Beta-blockers bind to beta-adrenoceptors located in cardiac nodal tissue, the conducting system, and contracting myocytes. The heart has both beta1 (β1) and beta2 (β2) adrenoceptors, although the predominant receptor type in number and function is β1. These receptors primarily bind norepinephrine that is released from sympathetic adrenergic nerves. Additionally, they bind norepinephrine and epinephrine that circulates in the blood. Beta-blockers prevent the normal ligand (norepinephrine or epinephrine) from binding to the beta-adrenoceptor by competing for the binding site. Because there is generally some level of sympathetic tone on the heart, beta-blockers are able to reduce sympathetic influences that normally stimulate chronotropy, inotropy, dromotropy and lusitropy. These drugs have an even greater effect when there is elevated sympathetic activity. Beta-blockers that are used clinically are either non-selective (β1/β2) blockers, or relatively selective β1 blockers. Some beta-blockers have additional mechanisms of action besides beta-blockade. Beta-blockers are used for treating hypertension, angina, myocardial infarction and arrhythmias.
Calcium-channel blockers (CCBs) bind to L-type calcium channels located on cardiac myocytes and cardiac nodal tissue (sinoatrial and atrioventricular nodes). These channels are responsible for regulating the influx of calcium into cardiomyocytes, which in turn stimulates cardiac myocyte contraction. In cardiac nodal tissue, L-type calcium channels play an important role in pacemaker currents and in phase 0 of the action potentials. Therefore, by blocking calcium entry into the cell, CCBs decrease myocardial force generation (negative inotropy), decreased heart rate (negative chronotropy), and decrease conduction velocity within the heart (negative dromotropy particularly at the atrioventricular node). CCBs are used in treating hypertension, angina and arrhythmias.

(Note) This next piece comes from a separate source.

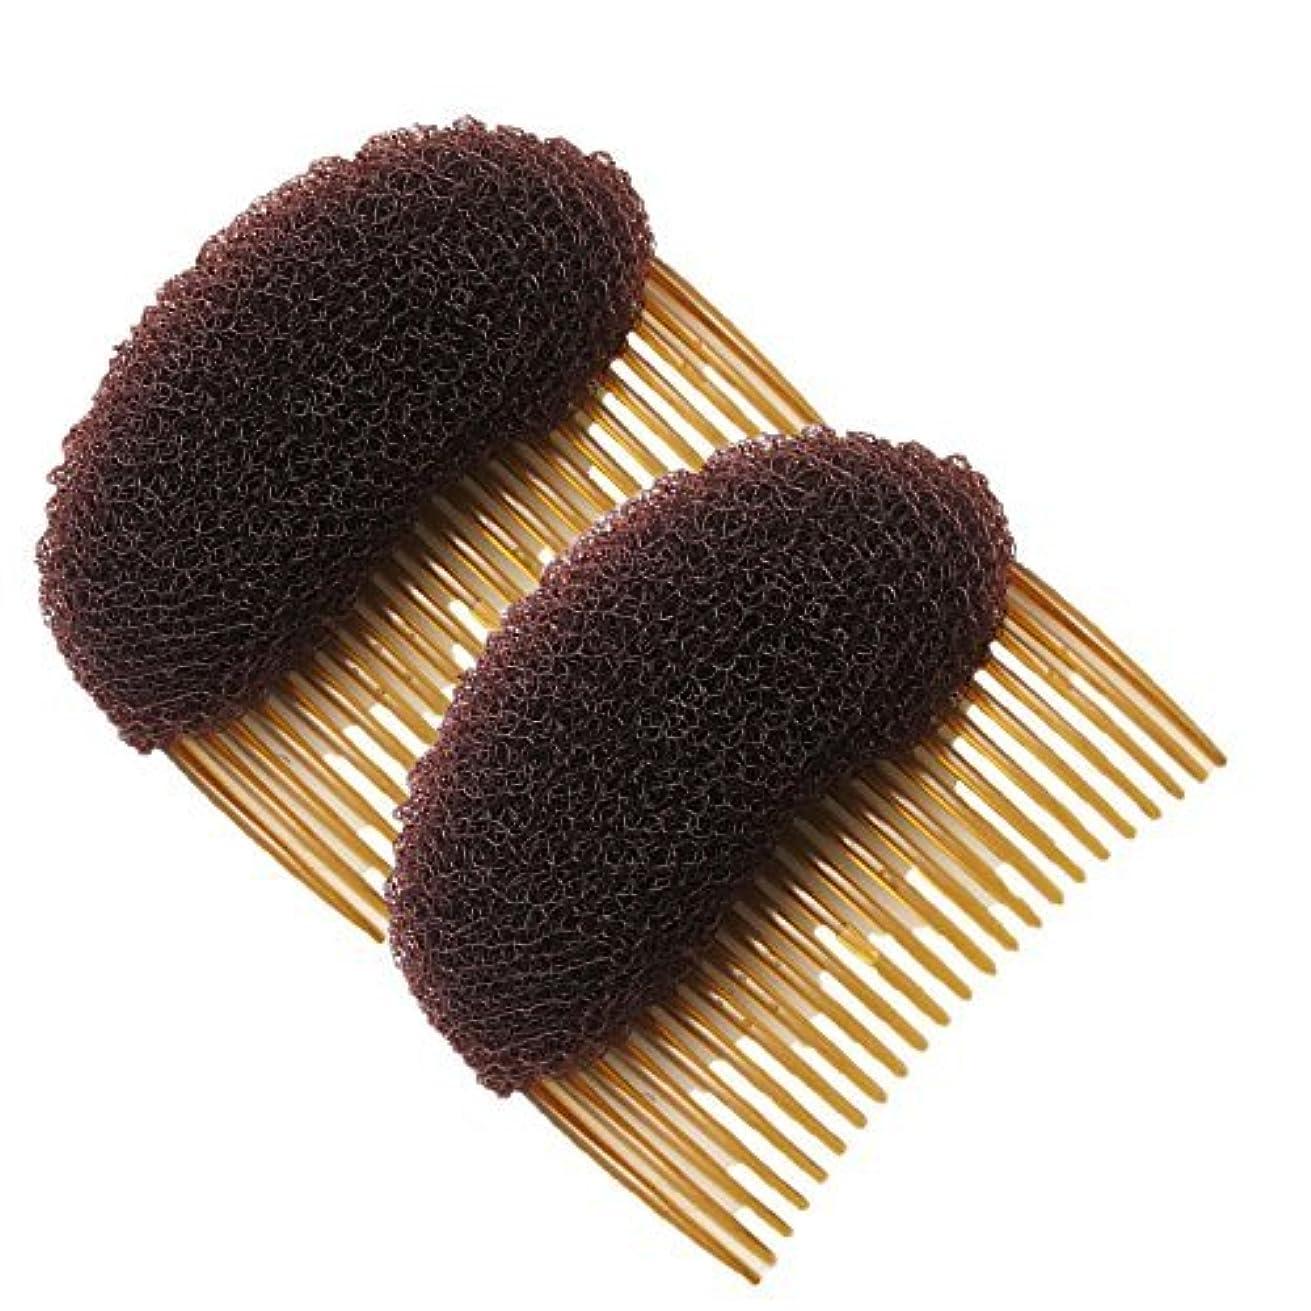 パントリー幻影価格Healtheveryday?2PCS Charming BUMP IT UP Volume Inserts Do Beehive hair styler Insert Tool Hair Comb Black/Brown...

Centrally acting sympatholytics
Centrally acting sympatholytics block sympathetic activity by binding to and activating alpha2 (α2)-adrenoceptors located on cardioregulatory cells within the medulla of the brain. This reduces sympathetic outflow to the heart, thereby decreasing cardiac output by decreasing heart rate and contractility. These drugs are only used for treating hypertension.
Click below on a drug class for more details:
- Beta-adrenoceptor antagonists (beta-blockers)
- Calcium-channel blockers (CCBs)
- Centrally acting sympatholytics
Note that all these drugs have actions besides cardiac inhibition, and therefore are also classified under other drug mechanism classes.